Vuelve la imaginación a divagar, y para llenar el vacío que va conmigo, imagino lo que quisiera hacer y sueño despierto lo que pudiera y debiera realizar. Dentro de mí, nada; fuera de mí la indiferencia. En mi casa, dormir y perder el tiempo. En la sociedad huir de ella. Mi situación es terrible: sólo mi pasividad puede hacerla soportable.

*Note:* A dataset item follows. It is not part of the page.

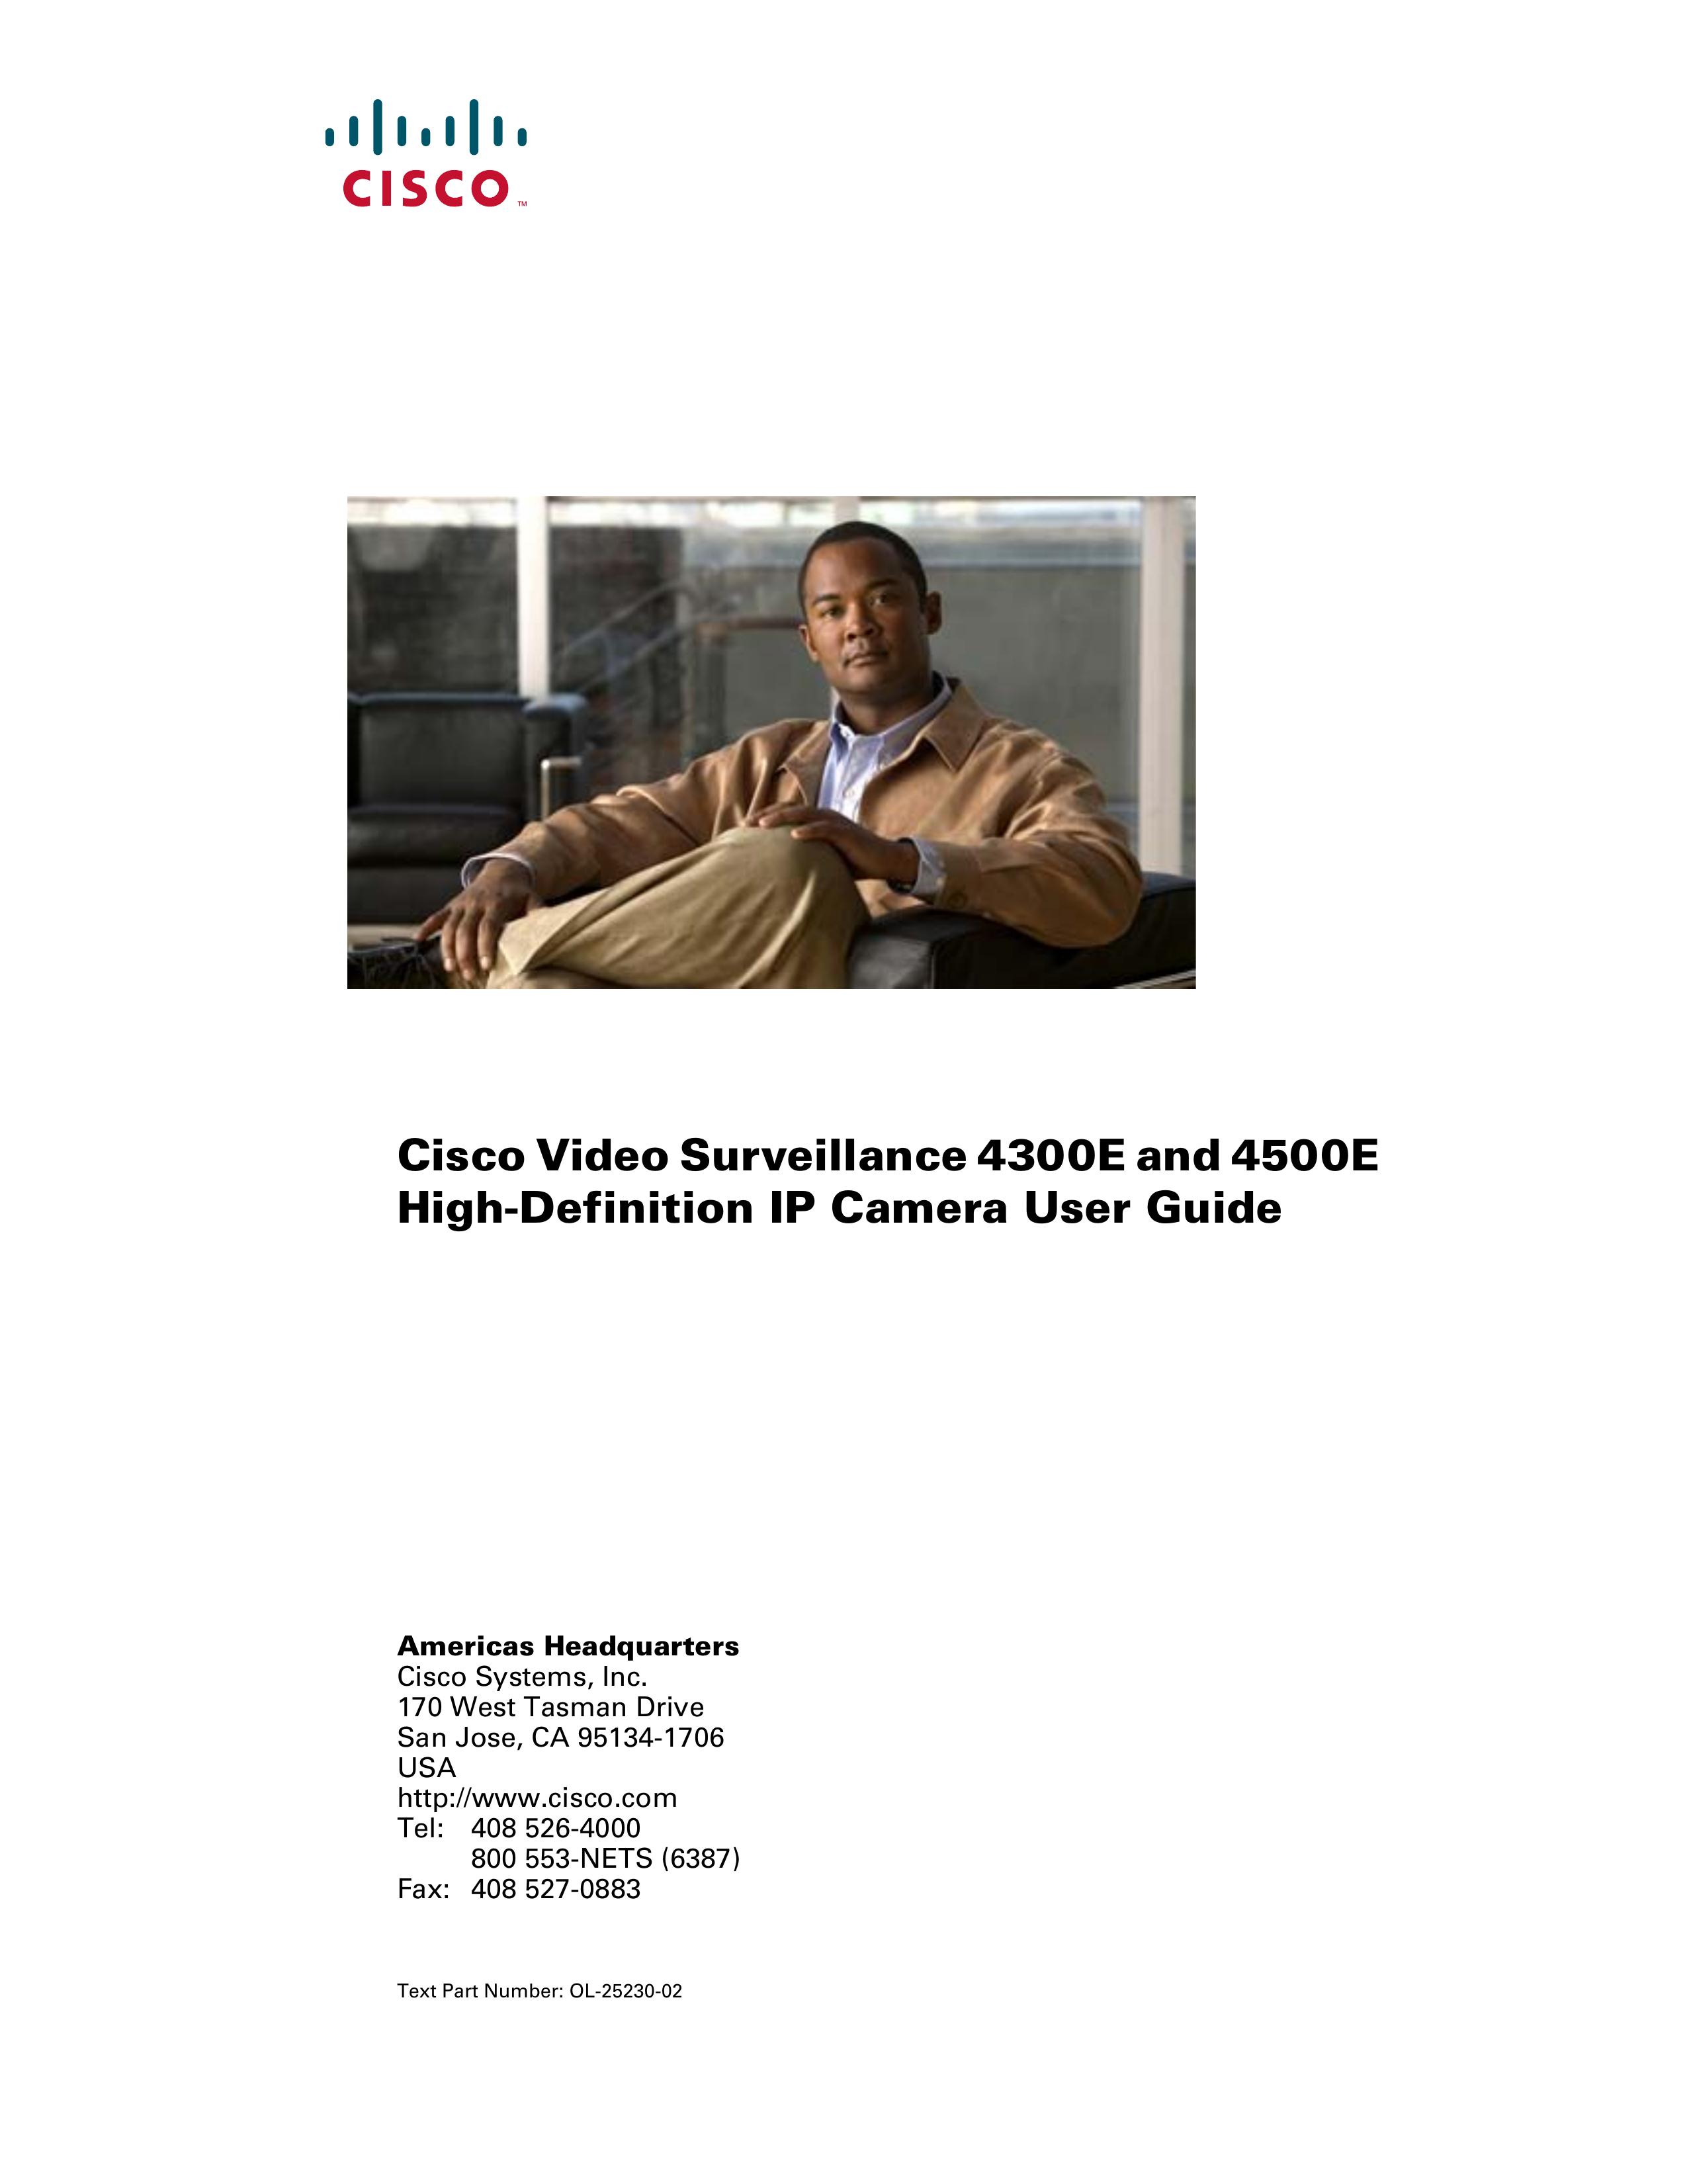 Cisco Systems 4300E Security Camera User Manual
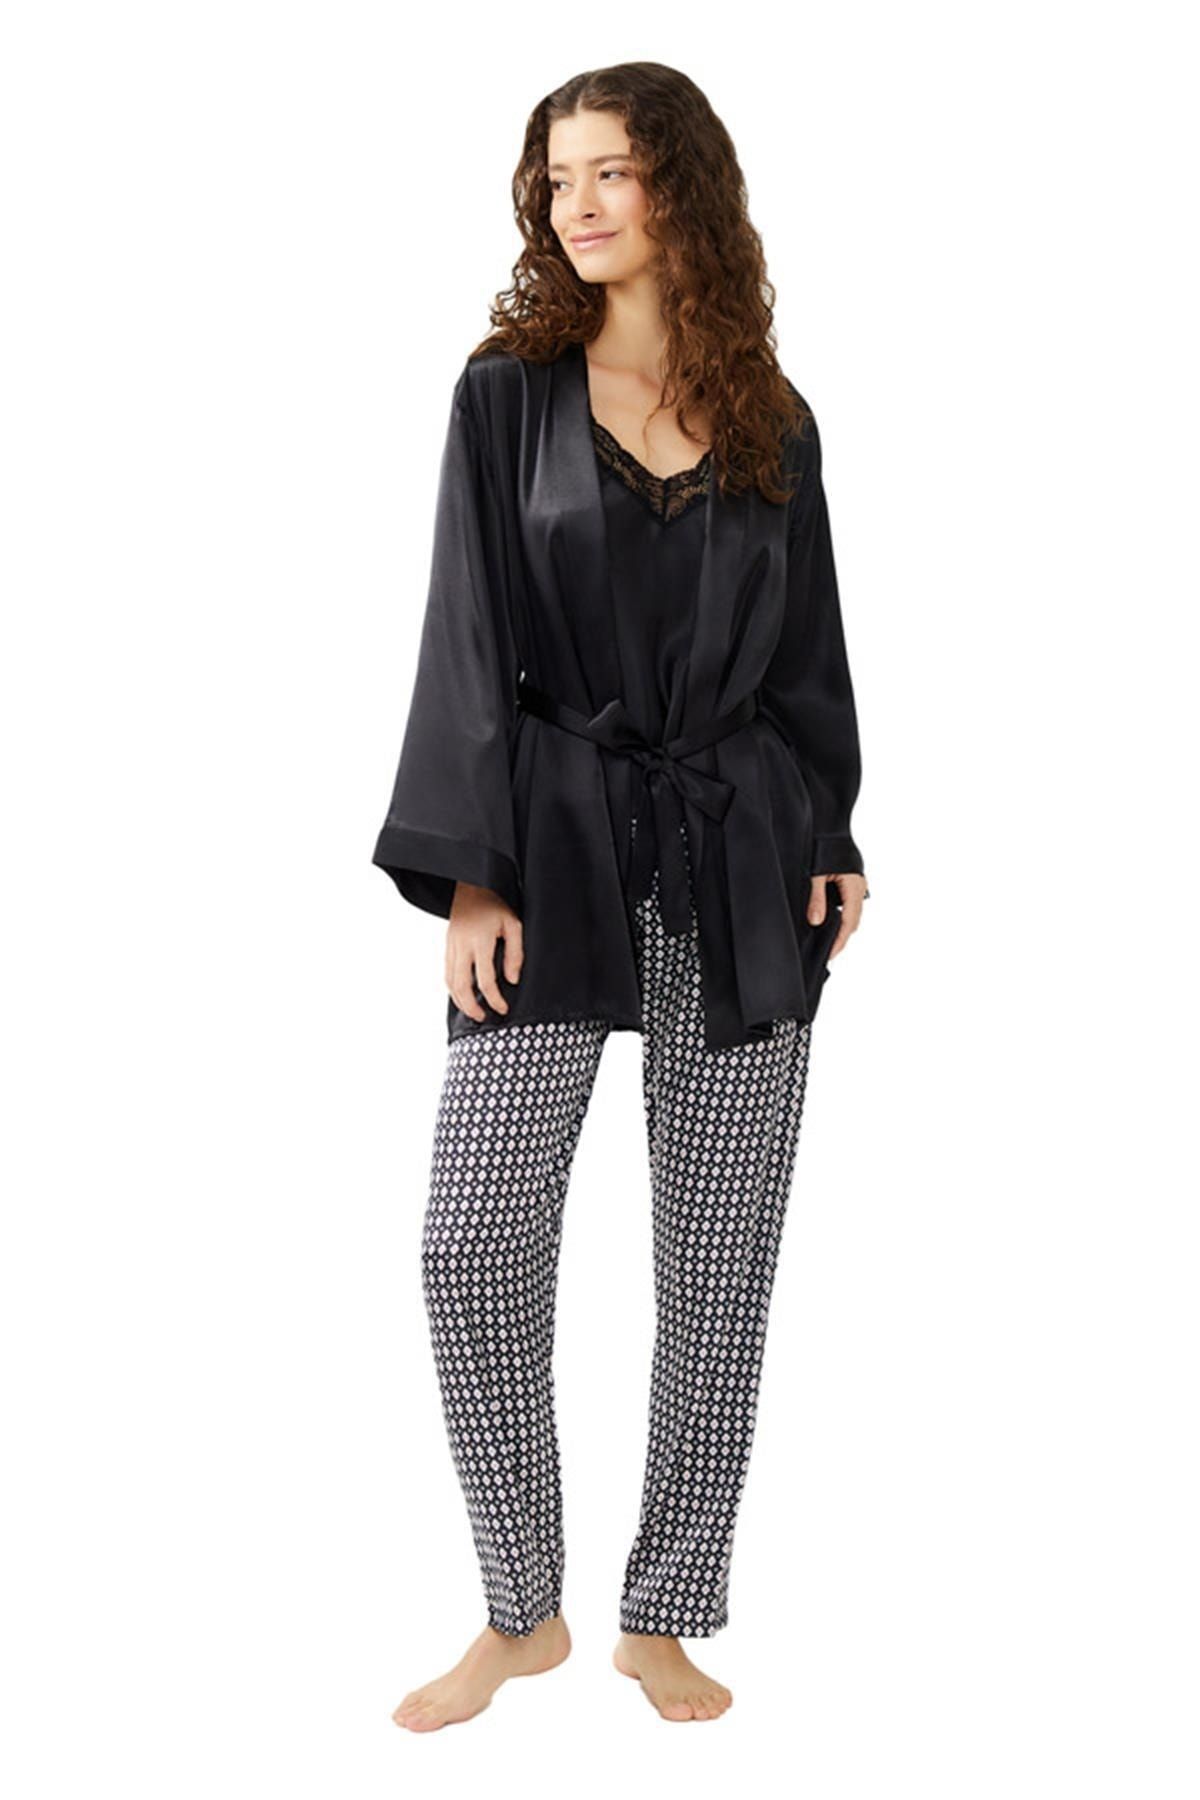 Cottonhill Siyah Dantel Detaylı Desenli Saten Pijama Takımı 3'lü Set

Anoche experimenté un desasosiego elocuentísimo Habíanse inaugurado las conferencias de los Comisionados, y yo que tan activa parte quiero tomar en los negocios de mi país, me encontraba absolutamente solo, ignorante de lo que pasaba, de lo que tanto me interesa, cuando todos los que más o menos meritoriamente son tenidos por defensores de nuestra idea, bullían, se agitaban, pensaban, discutían. Me pregunté la causa de aquella soledad aterradora, la razón de aquella impotencia del aislamiento, y me, culpé. Por eficaz que haya sido sobre mí la acción funesta de las contrariedades, mi conciencia no está satisfecha: la fuerza de inercia me paraliza, me incapacita para todo. Acción, acción es lo que pide mi espíritu, y yo no se la doy. ¿Es por pereza? No conozco ese deleite de los organismos pasivos. Es por incertidumbre, es por vacilación, es por inconstancia; es por causas que dependen de mí y por causas que están fuera de mí. Es porque el tiempo que pudiera emplear en combatir con lo de fuera, lo pierdo (¿o lo gano?) en combatir conmigo mismo. Estoy mal, estoy mal. Loco o suicida.



Noviembre 3, 1866.

DIARIO.- Mal, mal, mal: no hago nada, queriendo hacer muchas cosas a la vez: pienso poco por pensar en mucho; siento que no siento. Estuve a ver a mi madre. Allí estaba la losa funeraria. Había gente alrededor, y apenas me detuve y casi no me atreví a mirar directamente a aquel santo sagrario de mi primera vida. En otro tiempo, a fuerza de no sentir, hubiera sentido: ahora, a fuerza de haber sentido, ya no siento. Parece que no siento, que tú sabes, santísimo recuerdo de mi santa si vas conmigo y te alimentas de mi vida. Vuelve a sobrecogerme el pensamiento abrumador de mi falsa posición pecuniaria.



Noviembre 4, media noche.

DIARIO.- Yo necesito que mis días estén llenos de acción, y todos pasan sin que yo dé al mundo muestras de mí mismo. Todas las noches, al retirarme, me acosan pensamientos temerosos porque en vano me pregunto qué he hecho, qué pienso hacer. Muerto, muerto, muerto. Vida sin voluntad no es vida: vivir es querer y hacer. Fuerte dentro de mí mismo, infinitamente más que todos esos felices despreciables que culpan a su tiempo para no culparse, ni aun ese desahogo tengo. Muévanse mis labios cuanto quieran y acojan con sonrisas complacientes de aprobación los sarcasmos que a la inerte juventud que me rodea inspiran la época y el país en que vivimos, cuando vengo a mi retiro, una voz silenciosa me dice quedamente en la conciencia: «¿No obras, no sientes, no piensas? Culpa es tuya». Y lo es. Necesito trabajar, instar y reinstar, insistir y reinsistir para lograr trabajo: pues hacerlo. En vez de eso, paso el día avergonzándome de mí mismo, imaginando en la inercia medios que la inercia esteriliza.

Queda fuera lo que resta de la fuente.